Notes
Practice Problems
Find the integral
\(\textbf{1)}\)\(\displaystyle \int (x^2+3)^3(2x) \,dx\)
\(\text{The answer is } \frac{1}{4} (x^2+3)^4+C\)
\(\,\,\,\,\,u=x^2+3\)
\(\,\,\,\,\,du=2x \,dx\)
\(\,\,\,\,\,\displaystyle \int u^3 \,du\)
\(\,\,\,\,\,\displaystyle \frac{u^4}{4}+C\)
\(\,\,\,\,\,\)The answer is \(\frac{1}{4} (x^2+3)^4+C\)

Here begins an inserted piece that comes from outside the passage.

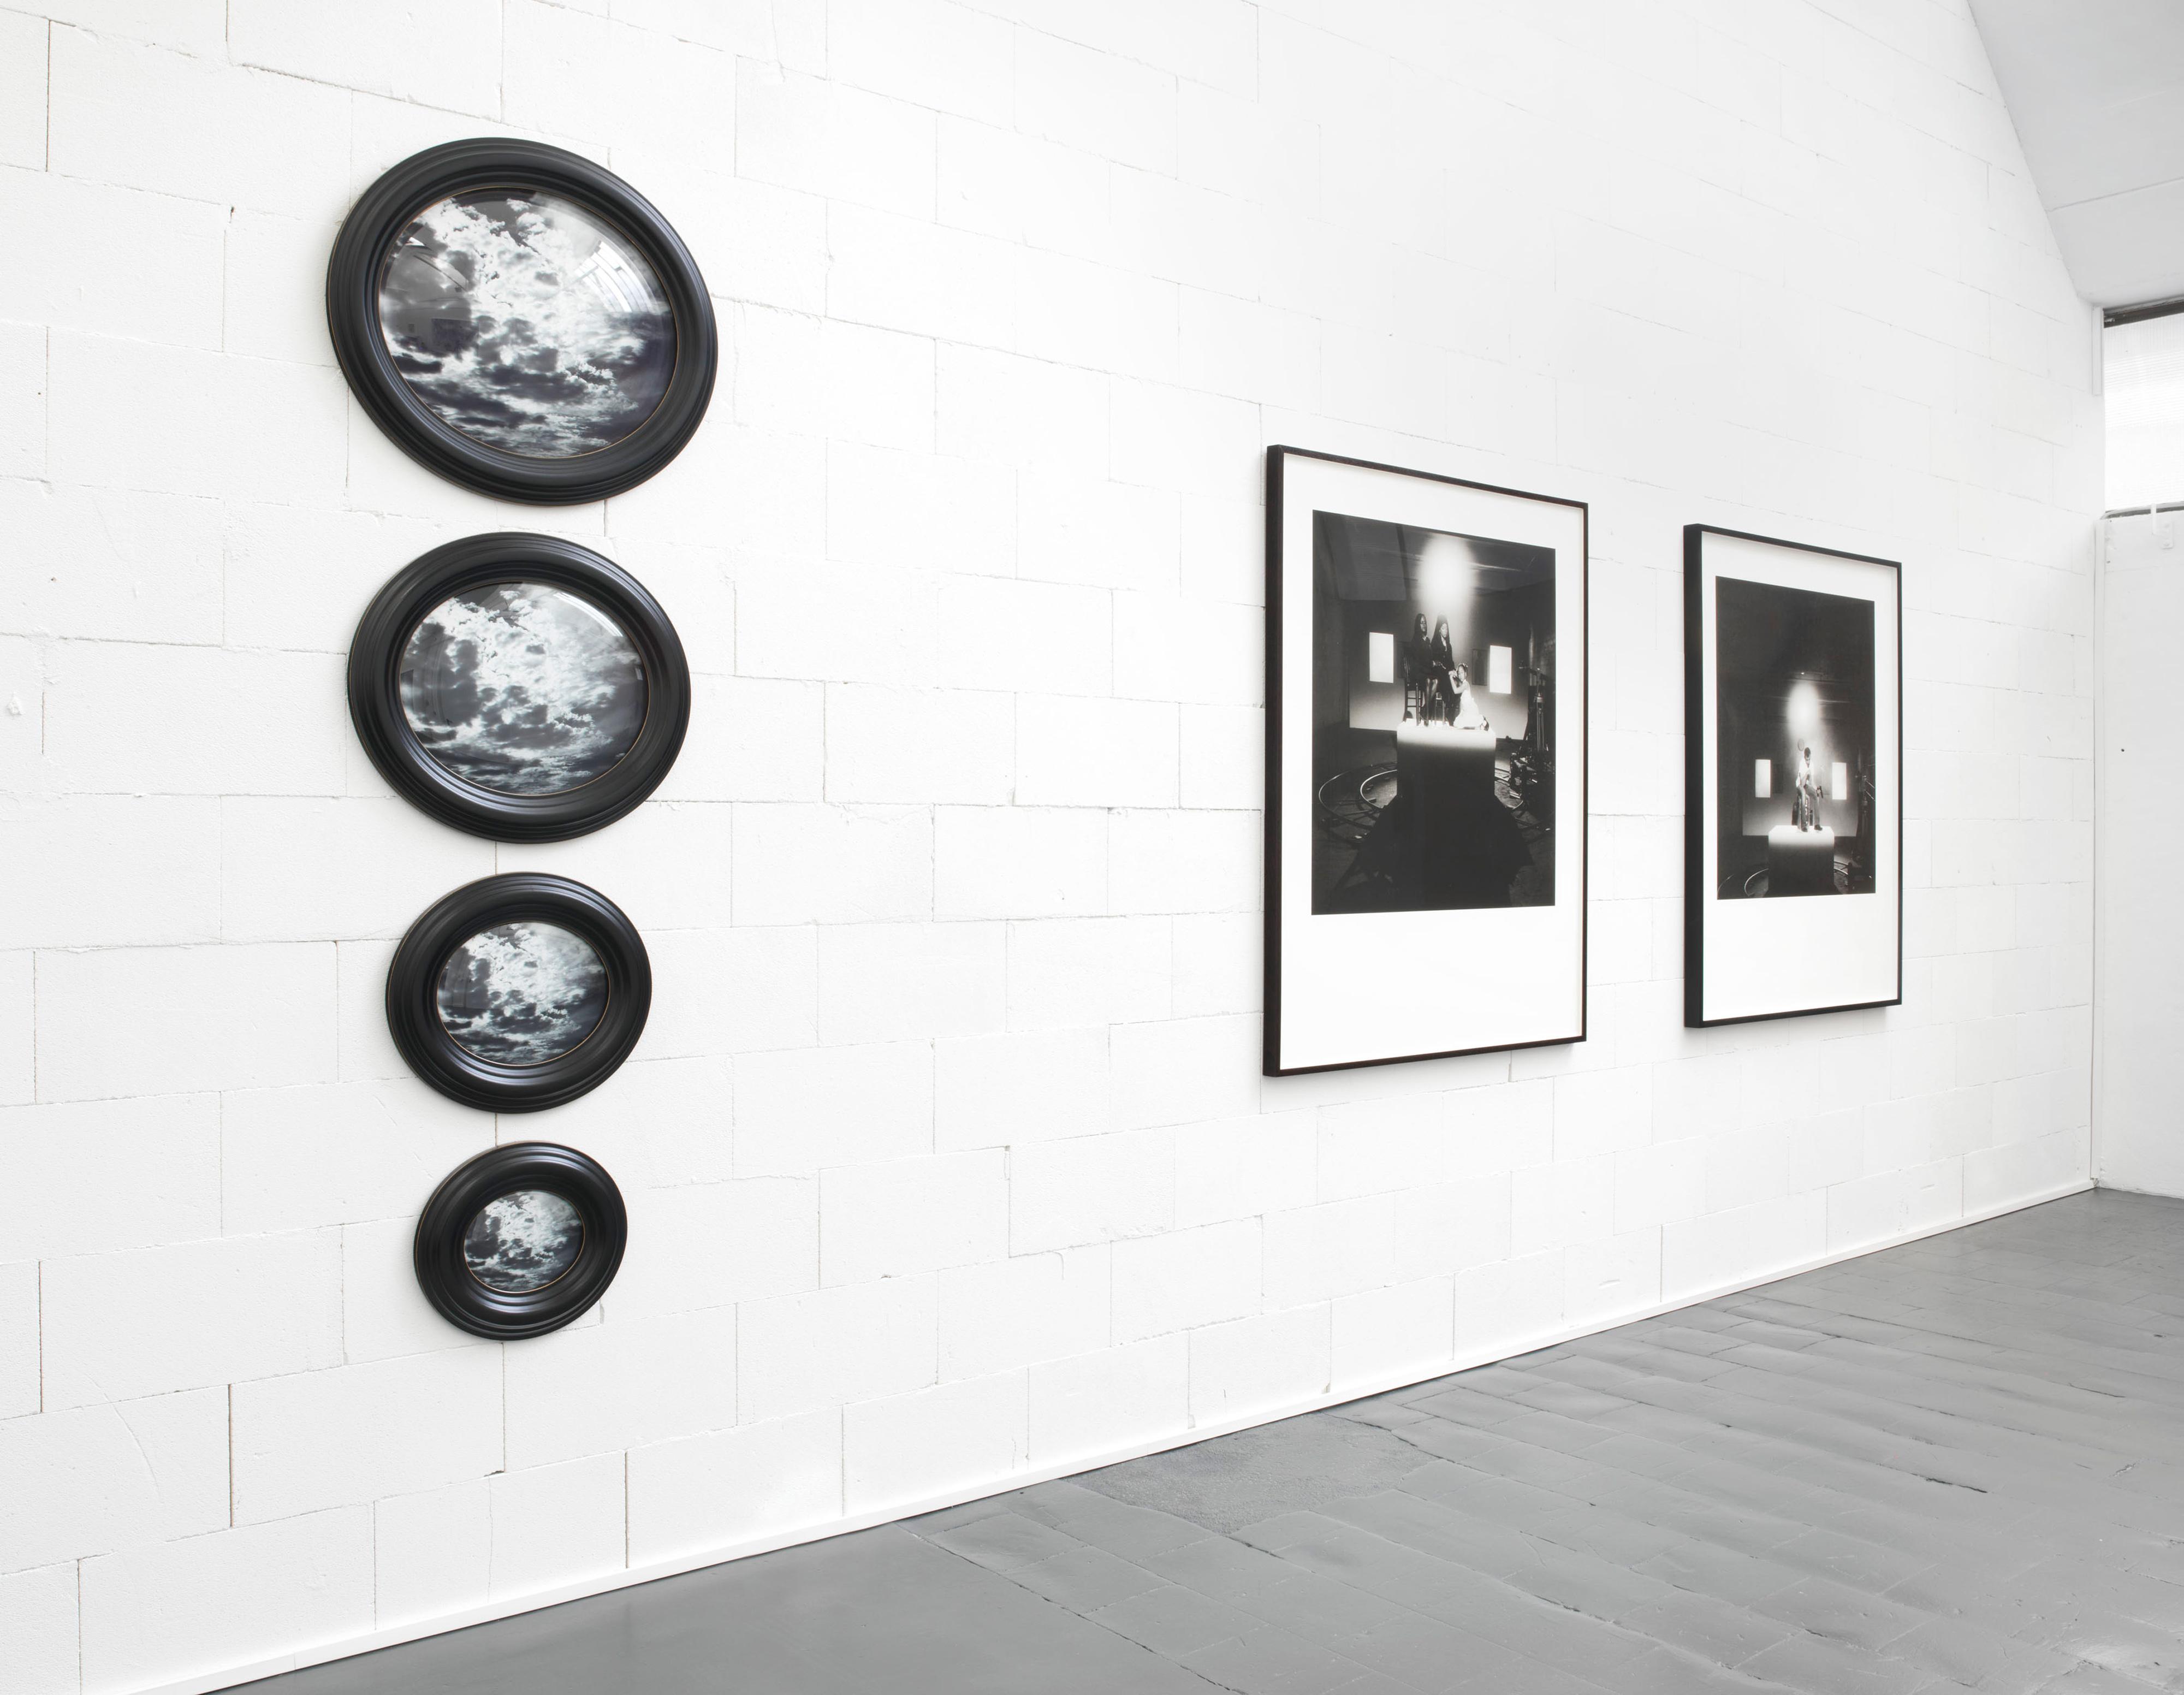 Galerie Barbara Thumm \ Carrie Mae Weems – Push

\(\textbf{2)}\)\(\displaystyle \int x^2(5x^3+3)^2 \,dx\)
\(\text{The answer is } \frac{25}{9}x^9+5x^6+3x^3+C\)
\(\,\,\,\,\,u=5x^3+3\)
\(\,\,\,\,\,du=15x^2 \,dx\)
\(\,\,\,\,\,\frac{1}{15}du=x^2\, dx\)
\(\,\,\,\,\,\displaystyle \frac{1}{15}\int u^2 \,du\)
\(\,\,\,\,\,\displaystyle \frac{1}{15} \frac{u^3}{3}+C\)
\(\,\,\,\,\,\displaystyle \frac{1}{15} \frac{\left(5x^3+3\right)^3}{3}+C\)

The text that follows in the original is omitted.